Before applying routine platelet function assessment in patients treated with antiplatelet agents, we need to understand better the shortcomings of antiplatelet monitoring and a few major mysteries need to be solved. We have no answer as to whether heightened platelet activity at baseline leads to worse vascular outcomes, or whether inhibiting platelets improves outcomes independently from the pre-treatment platelet activity. While the answers seem simple and obvious, facts and credible data are mostly lacking. Another missing piece of the puzzle is how to balance thrombotic and bleeding risks. For maintenance regimens, we have no clue as to the optimal degree or range (if any) of residual platelet activity necessary to prevent vascular occlusive events while avoiding excessive bleeding.10 These data are urgently needed before a transition to individual tailoring of antiplatelet regimens based on serial assessment of platelet activity becomes a reality, and can be intelligently advocated.

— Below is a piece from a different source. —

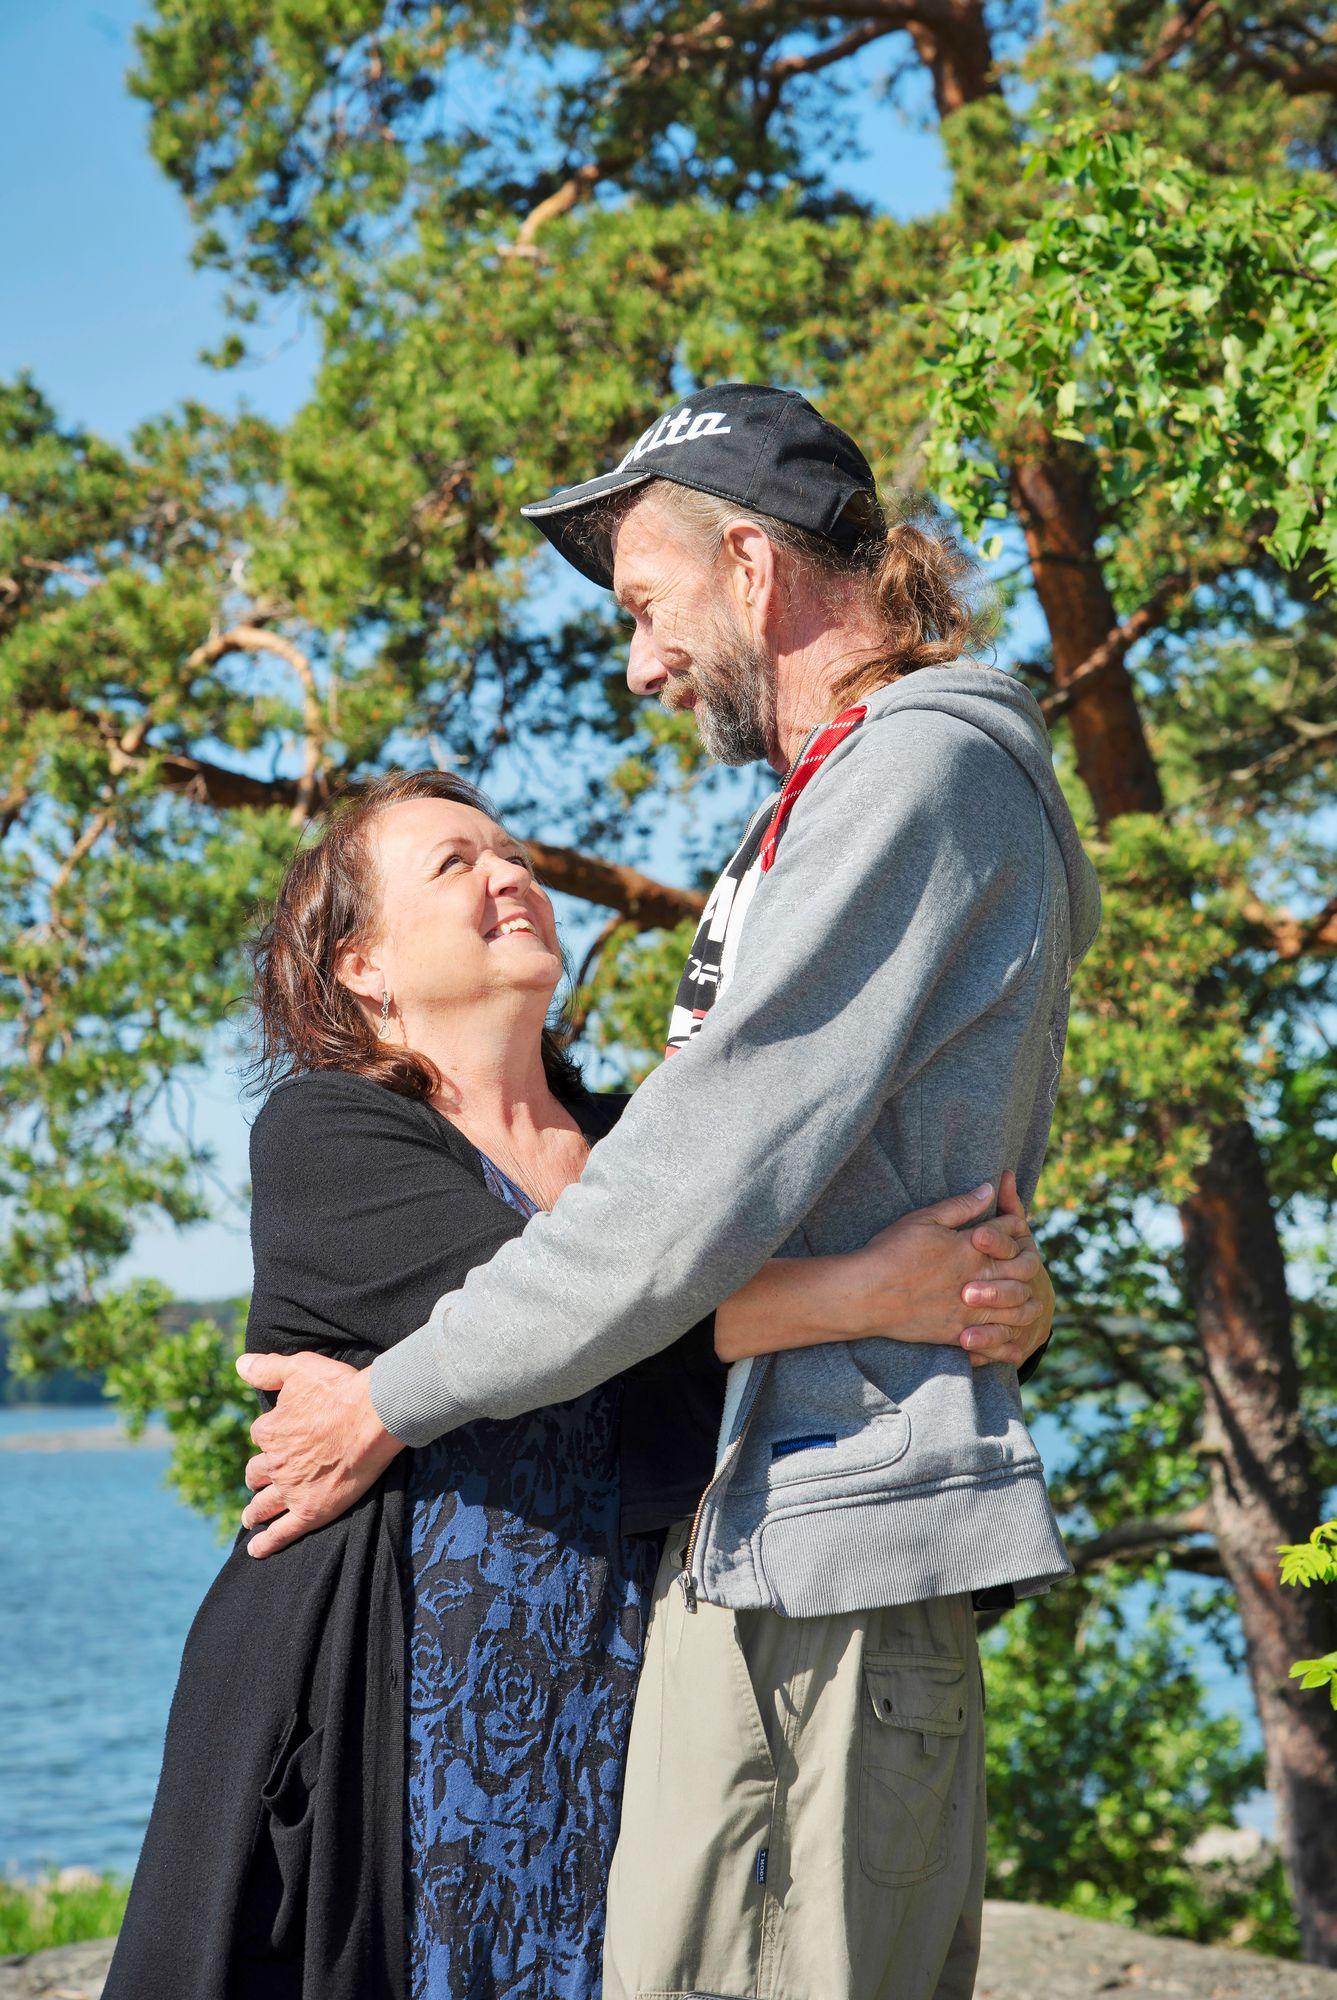 """EIJA HEIKISTÄ: """"Heikki on vakaa, mutta äijän sisällä pilkistää herkkyys. Näen hänessä ylikasvaneen pikkupojan, mutta kuitenkin aikuisen."""" © Susa Junnola"""

Even if we fill the knowledge gap with regard to the association between platelet activity inhibition and clinical outcomes, the clopidogrel equation remains difficult. Linking low clopidogrel response to impaired outcomes11,12 is a very attractive hypothesis, but we need to have definite proof that clopidogrel is even on board by measuring drug thiol or carboxyl metabolite(s) to confirm compliance. Obviously, the thrombotic burden in some patients exceeds the ability of even high dose loading with clopidogrel to prevent secondary events. However, it is not reasonable to generalize all clinical scenarios and blame low clopidogrel response for recurrent events, especially acknowledging that no-load, 75 mg clopidogrel saved 119 lives, and provided an absolute mortality benefit after acute myocardial infarction in the COMMIT trial.13 Based on the present laboratory definitions of low response or clopidogrel ‘resistance’, at least 70% of all COMMIT patients would be considered poor clopidogrel responders, yet COMMIT is the most successful clopidogrel trial. This obvious disconnection warns us against simplistic and premature conclusions that poor clopidogrel response, as assessed by the platelet tests, causes myocardial infarction or ischaemic stroke. A more reasonable and practical clinical scenario is outlined in Figure 1.

Figure 1.

Algorithm for the patient to become ‘resistant’.

Testing multiple doses of antithrombotics in Phase III clinical trials may become a reality in the near future, when heterogeneous cohorts will be treated differently. Uniformly accepted bedside platelet function testing will be beneficial if the changes in platelet activity actually predict vascular events. Unless we have definitive proof that the patient is indeed adherent to antiplatelet medication, any speculation on potential clopidogrel harm, that is sometimes region specific (e.g. liver dysfunction in Japanese),7 should be avoided.

Presently, the body of available evidence suggests that routine assessment of platelet function for monitoring antiplatelet therapy cannot be recommended. We need to know more before we are able to use platelet data to determine risk. A large-scale, multicentre outcomes study, backed up with universal quality platelet function assessments, is needed to prove that serial platelet measures are useful tools for benefit/risk stratification, and tailored antiplatelet strategies.

Conflict of interest: none declared.

Footnotes

  • The opinions expressed in this article are not necessarily those of the Editors of the European Heart Journal or of the European Society of Cardiology.